Страх, тот первобытный, леденящий душу страх первой встречи, не исчез. Нет. Он лишь мутировал, как болезнетворный микроб, обретя новые, изощренные формы. Теперь это был страх-предвкушение, страх-жажду, страх-сладострастие. Каждый скрип половицы, каждый шорох в печной трубе заставлял ее сердце, это перепуганное животное в клетке груди, биться с бешеной силой. Она прислушивалась, вглядывалась в сумеречные углы, пока глаза не начинали болеть, как от едкого дыма. И запах... этот проклятый, сладковато-васильковый запах тления теперь жил в ней постоянно, как вторая кровь, как невыводимый аромат духов, въевшийся в кожу навсегда.
Он являлся не каждую ночь. Его визиты были подобны редким, изысканно-жестоким ударам бича по истерзанной душе. Иногда - лишь намек: холодное дуновение в затылок, когда никого нет рядом; тень, мелькнувшая краем глаза с неестественной скоростью; шепот ее имени, "Прасковьюшка...", произнесенный на ухо голосом, похожим на шелест сухих листьев по могильной плите. Эти намеки сводили с ума, доводили до истерики, заставляя ее метаться по горнице, как зверя в тесной клетке.
А потом... приходил и Он. Сам. Во плоти, что ли? Или в той субстанции, что заменяла плоть в его мире. Являлся не из двери, не из окна. Он "конденсировался" из самой тьмы, из густеющего воздуха, как роса на паутине. Сначала - лишь усики холода, ползущие по коже. Потом - сгущение мрака в углу, принимающее очертания. И наконец - Он. Алексей. Лешенька. Высокий, бледный, с темно-русыми волосами - живыми, казалось, змеями, струящимися по плечам. Его глаза - две бездонные пропасти, где мерцали отражения звезд, которых не было на небе Морозовки.

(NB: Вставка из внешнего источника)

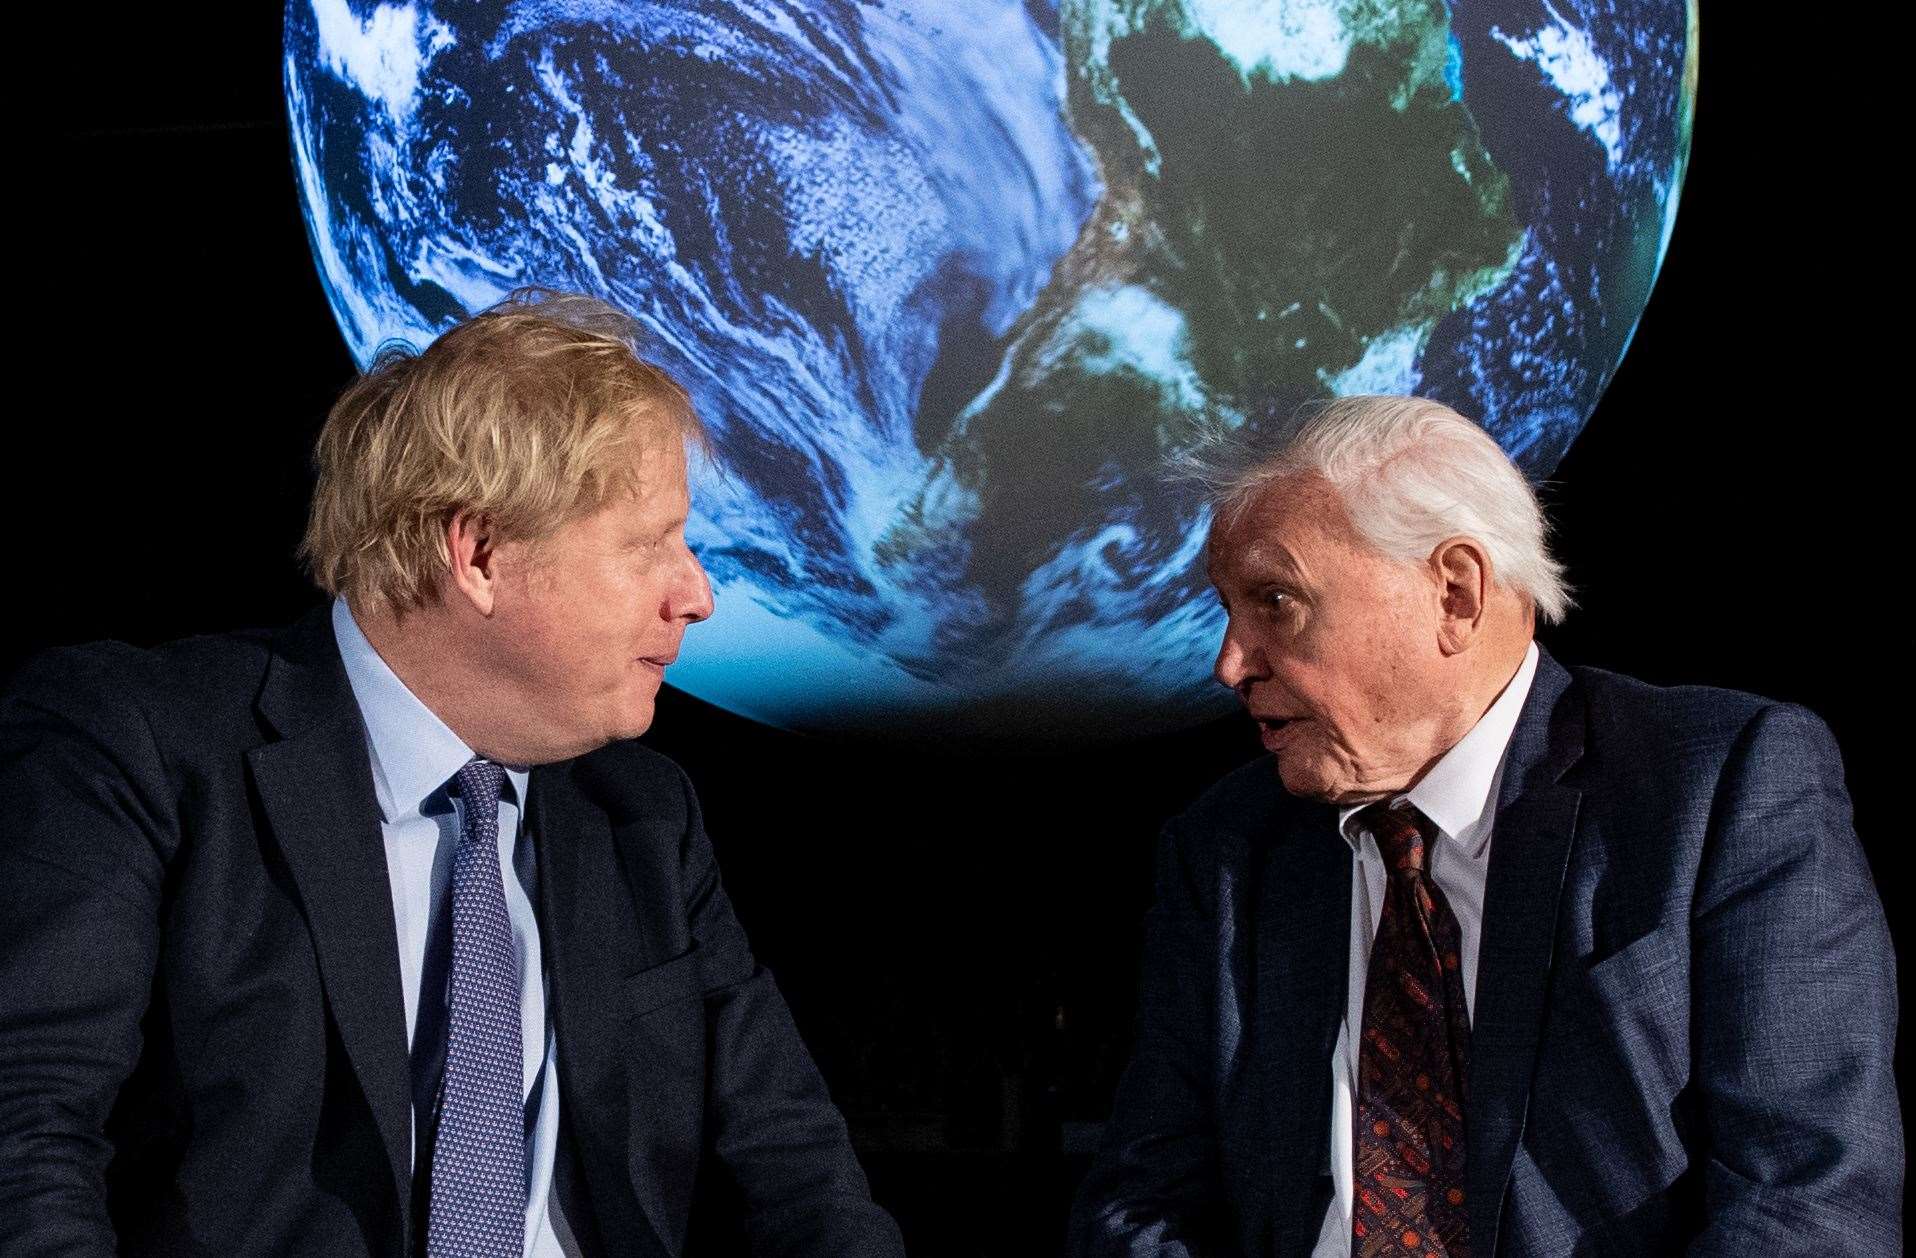 Prime Minister Boris Johnson and Sir David Attenborough both gave their backing to the report (Chris J Ratcliffe/PA)

И улыбка... Все та же. Сахар смерти на устах самоубийцы.
Первые прикосновения были ледяными, как приклады скальпеля к обнаженному нерву. Его пальцы, длинные, изящные, с синеватыми ногтями утопленника, касались ее виска, щеки, шеи. Касания вызывали не боль, а странное, мучительное онемение, за которым следовал взрыв нечеловеческого, запретного наслаждения. Это была ласка хирурга, вскрывающего живое тело, чтобы полюбоваться таинственной игрой внутренних органов. Он не говорил много. Шептал. Шепот его был похож на падение мелких, отполированных косточек в стеклянный сосуд. Слова лились, как густой, черный мед, обволакивая разум, парализуя волю:
"Тиша, моя... Тиша, Прасковьюшка... Не бiйся холоду... Це лише оболонка... Пiд нею - вогонь... Вогонь вiчностi..."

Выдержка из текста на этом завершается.